If there is a usecase where storing the data in a relational database does not make any sense and , it persuades you to looking for alternative ways to get it out of the database, it is useful to pay the attention on NoSQl. In another words when your data does no suit the relational data model, you think think about NoSQL.

Recommended NoSQL databases?

  • MongoDB, CouchDB or Redis can be recommended as NoSQL databases, as they are excellent candidates to take data off your main database, and happily live alongside of it.
  • If you are have the knowledge of relational databases it is recommended with mongoDB. It can be considered as a good mixture of what you are used to from relational databases , and schemaless storage.
  • Redis is a good choice for the data such as Statistics, message queues, historical data etc...
  •  MongoDB is halfway between a relational and NoSQL database while CouchDB is basically totally different thinking all the way
  • If your primary requirement is scaling - you have to pay your attention on Riak or Cassendra.(They follow pretty interesting models of scaling up.)


These NoSQL databases are proposing some new non-relational data models. Do you like one model more than the others?
Document database can be considered as the most versatile because you can put any data in a document database and it gives you all the freedom to model that data and to model some of the relationships between documents.

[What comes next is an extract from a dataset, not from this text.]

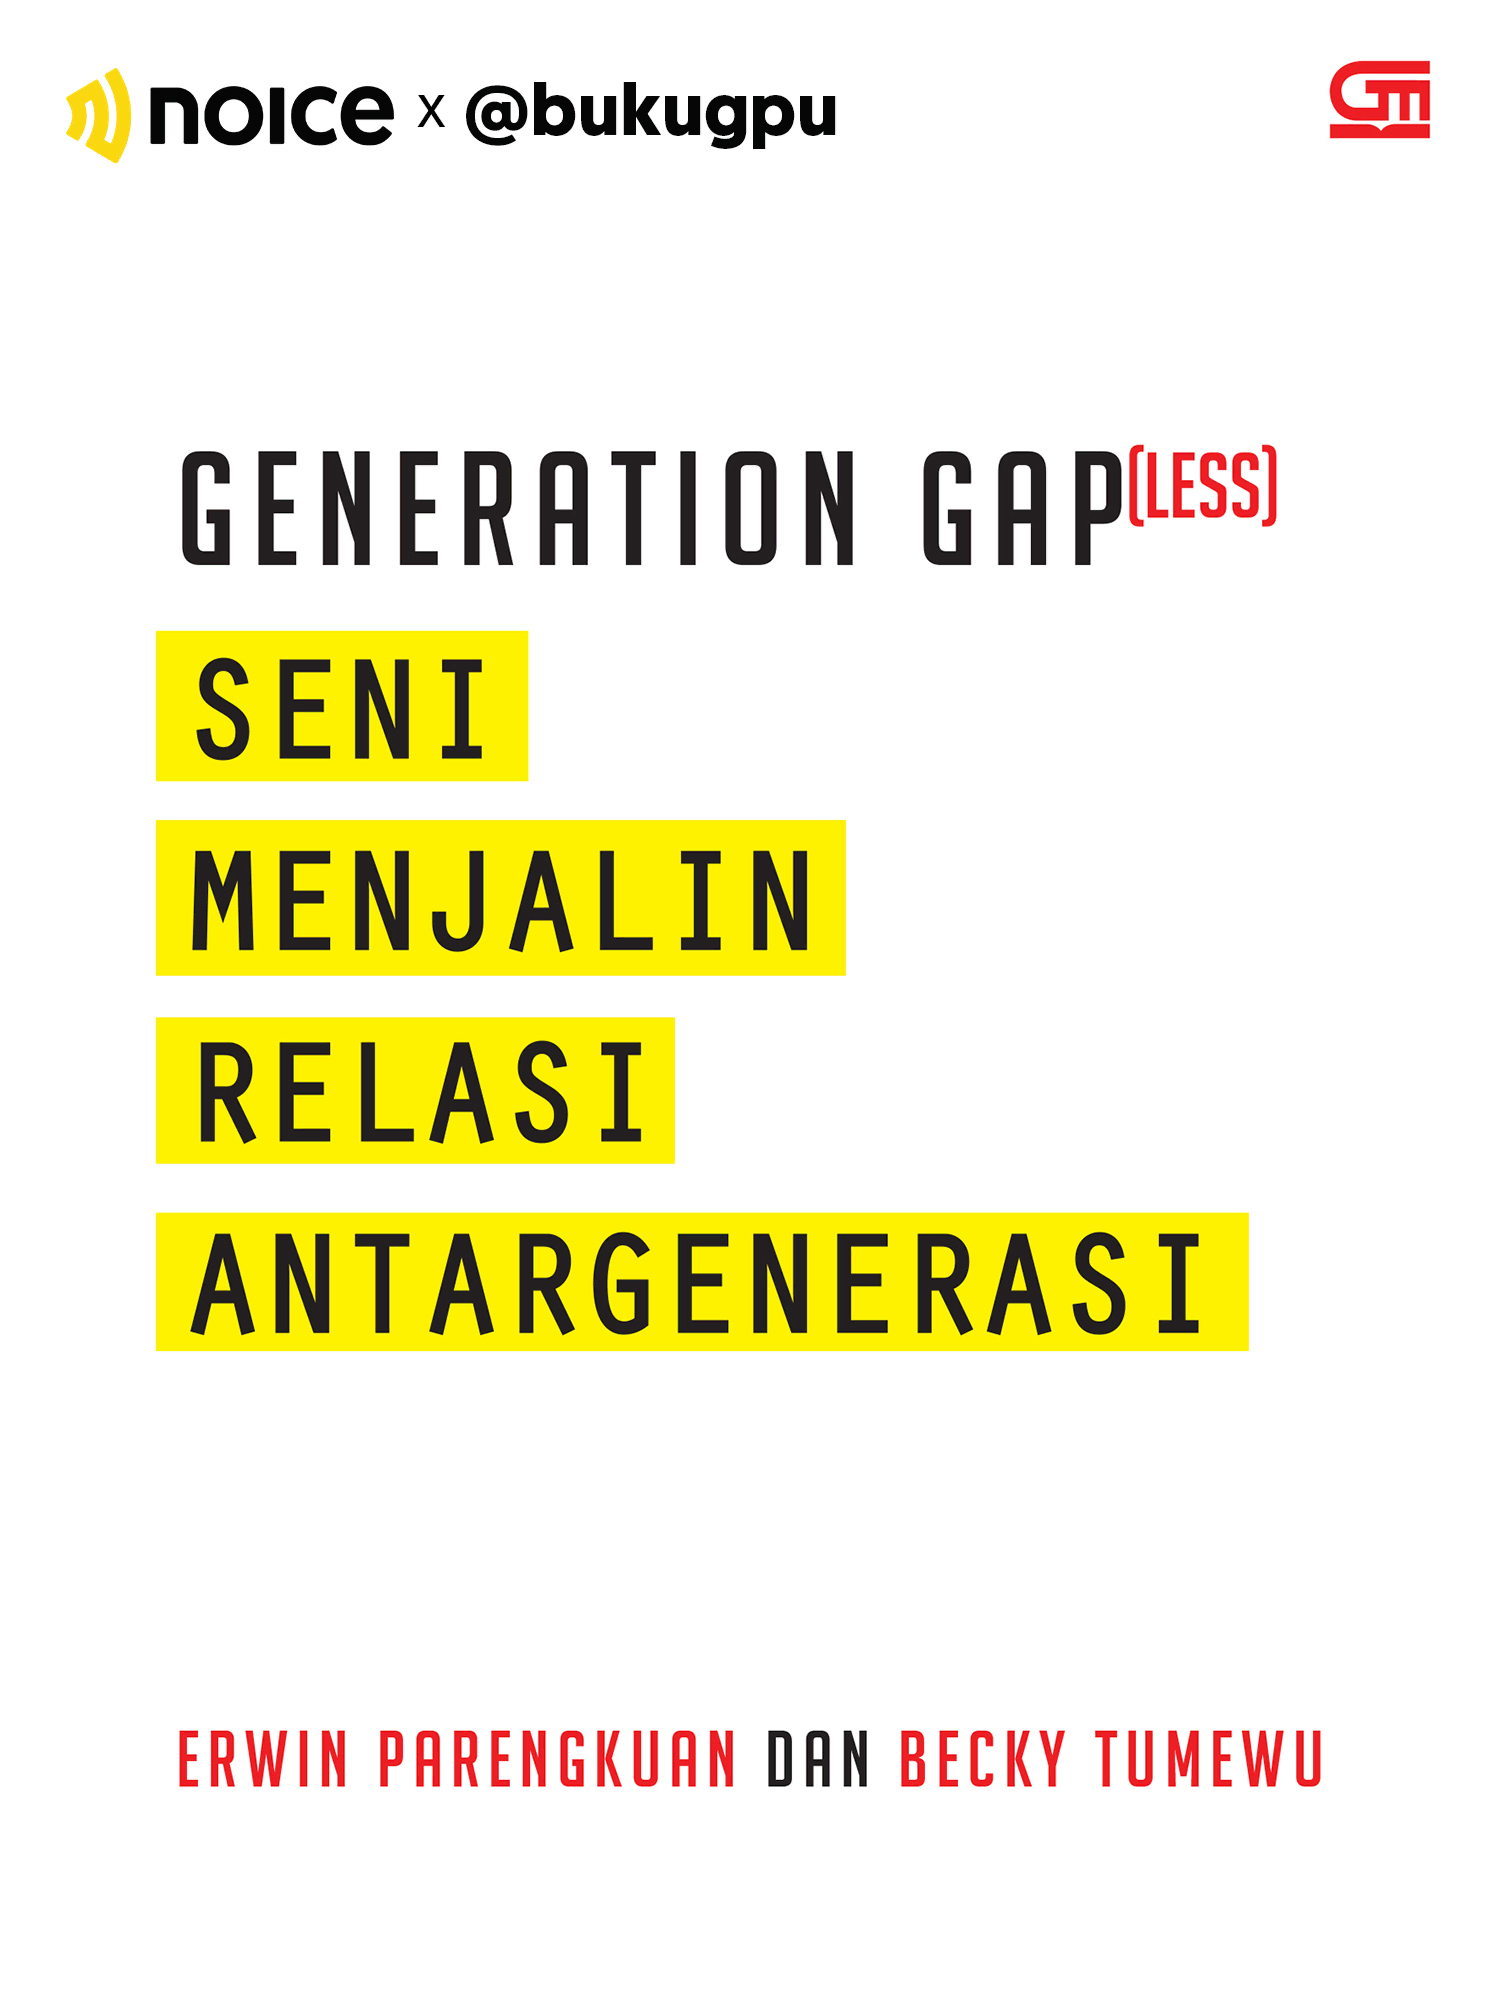 #4 Perang generasi itu nggak guna. Kita harus berkolaborasi dan mengatur strategi untuk berkomunikasi yang efektif antargenerasi. 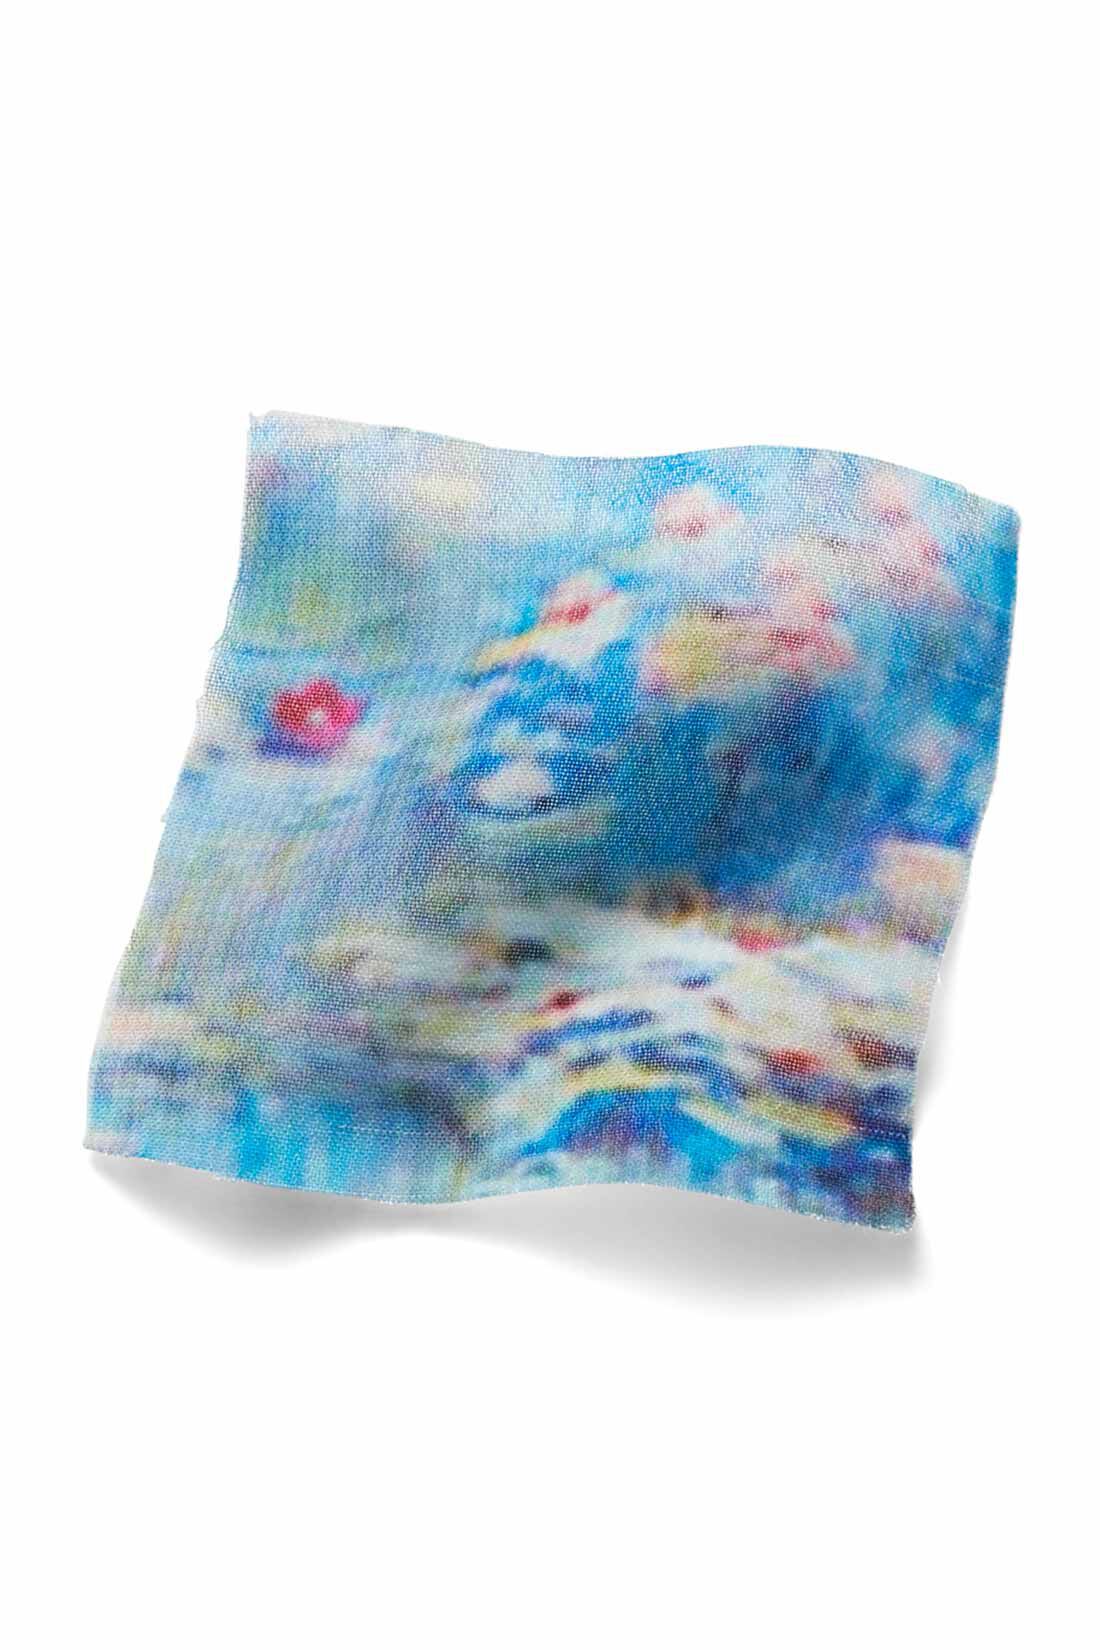 IEDIT|IEDIT[イディット]　モネの睡蓮をまとうシフォンスカート〈ブルー〉|原画をもとにパターンを起こし、水面を思わせる、透け感のあるシフォン素材にプリント。 ※お届けするカラーとは異なります。

With relational databases there are at least 3 things we have really gotten used to: the relational model, the query model and transactions. So for someone looking to NoSQL databases he should be aware that all these 3 concepts will have a different form. 
  • Keep in mind that there will be a different data model which has a great flexibility.
  • lack of support for transactions is not a severe problem.(Transactions are removed for the benefit of simplicity, making it a lot easier to scale up.)
  • Most NoSQL databases removed means to run any kind of dynamic query on your data, MongoDB being the noteworthy exception here. Data is usually pre-aggregated by e.g. using Map/Reduce, or access is simply done by keys.
  • The decision to use a NoSQL depends on the requirement.

Once you start using NoSQL databases, will you have to get rid of RDBMS?
No,
The rule is do not change to NoSQL if you do not have problems with relational database.